Reputation: 109
Am new bee to pyspark and trying to understand the exact use of toDebugstring().can you please explain from below code snippet ?
>>> a = sc.parallelize([1,2,3]).distinct()
>>> print a.toDebugString()
(8) PythonRDD[27] at RDD at PythonRDD.scala:44 [Serialized 1x Replicated]
| MappedRDD[26] at values at NativeMethodAccessorImpl.java:-2 [Serialized 1x Replicated]
| ShuffledRDD[25] at partitionBy at NativeMethodAccessorImpl.java:-2 [Serialized 1x Replicated]
+-(8) PairwiseRDD[24] at distinct at <stdin>:1 [Serialized 1x Replicated]
| PythonRDD[23] at distinct at <stdin>:1 [Serialized 1x Replicated]

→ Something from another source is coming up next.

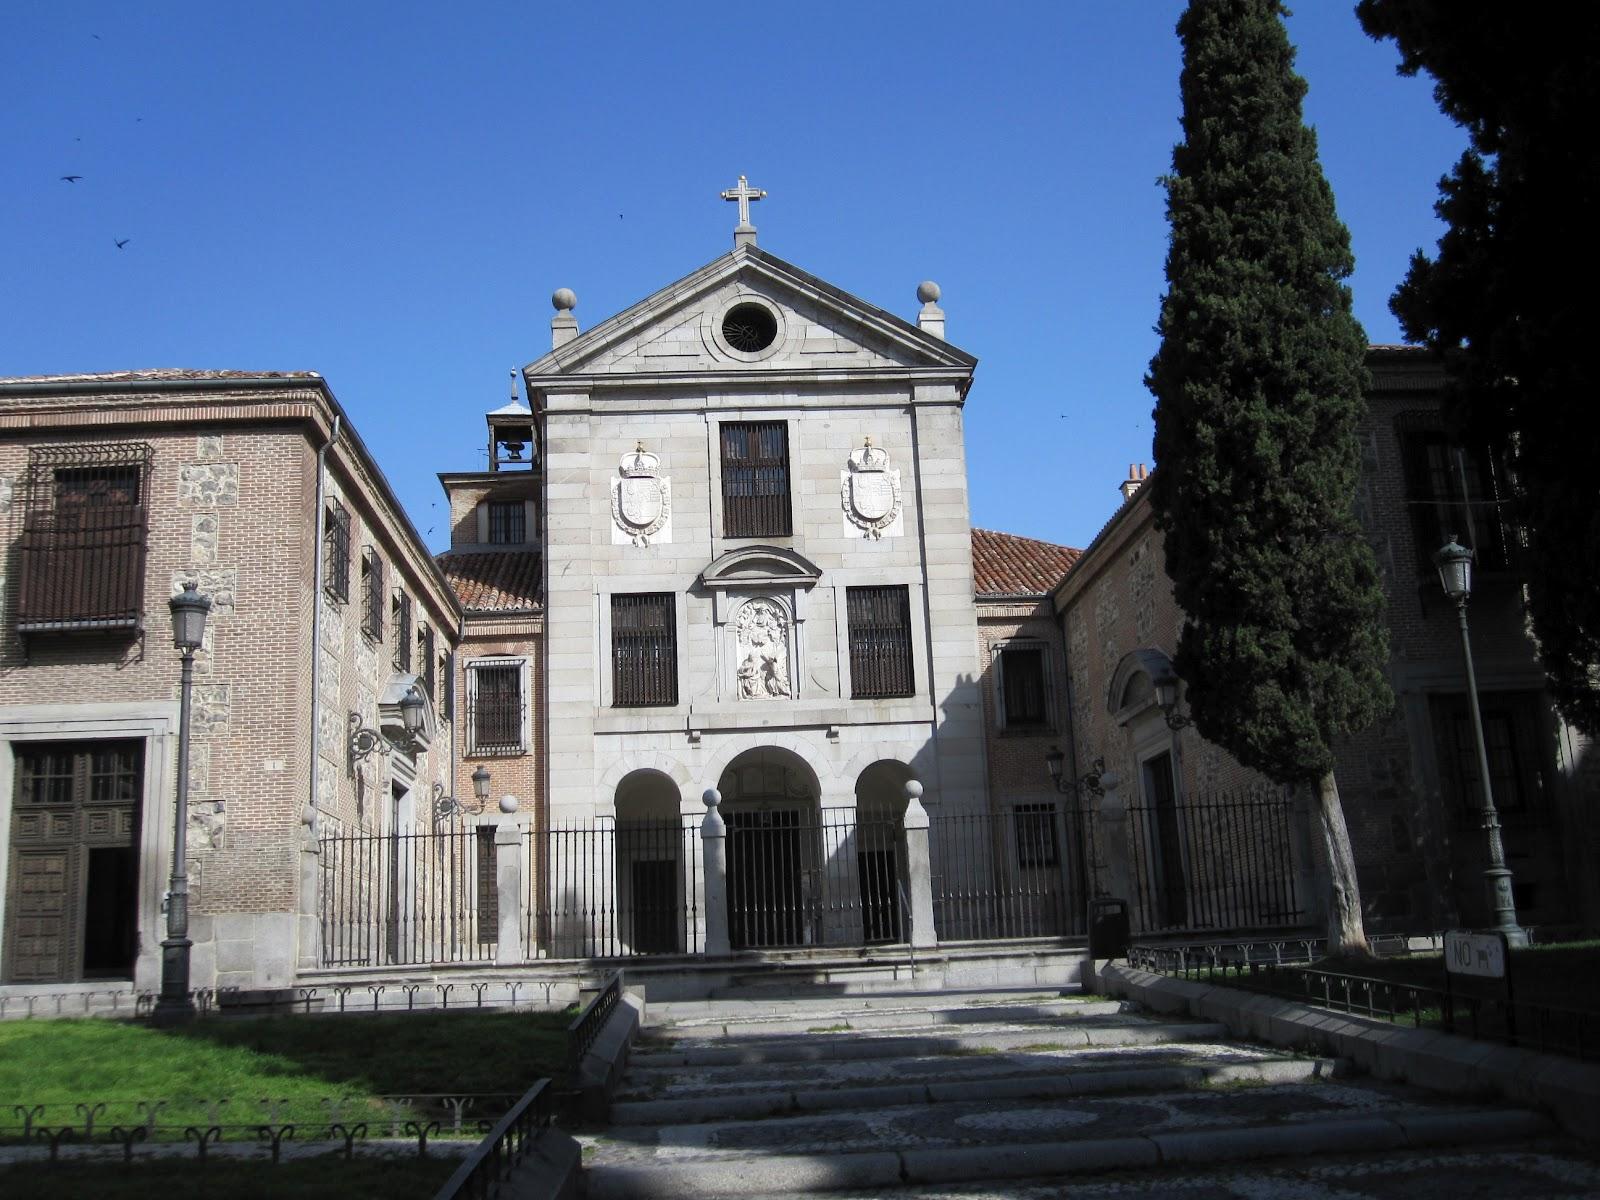 Guide: Real Monasterio de San Lorenzo de El Escorial 2004 Spain/España

| ParallelCollectionRDD[21] at parallelize at PythonRDD.scala:358 [Serialized 1x Replicated]
Upvotes: 5
Views: 4222
Reputation: 31
In spark, dependencies in the RDDs are logged in as a graph. In simpler words , every step is part of lineage. By calling the toDebugString method you are essentially asking to get this lineage graph(aka chain of every individual step that happened i.e type of RDD created and method used to create it) to be displayed. Some are the transformation that you executed explicitly whereas others are not( for example the bottom-most step of lineage graph is the real type of RDD you engulfed but just above it is the RDD made by internal mechanism to convert the objects in input RDD to Java Type objects)
Result of your print statement shows every step from bottoms up starting with creation of ParallelCollectionRDD . Each change in indentation is an indication of shuffle boundary i.e occurrence of shuffle operation. You can read more from lineage graphs for better understanding.
Upvotes: 3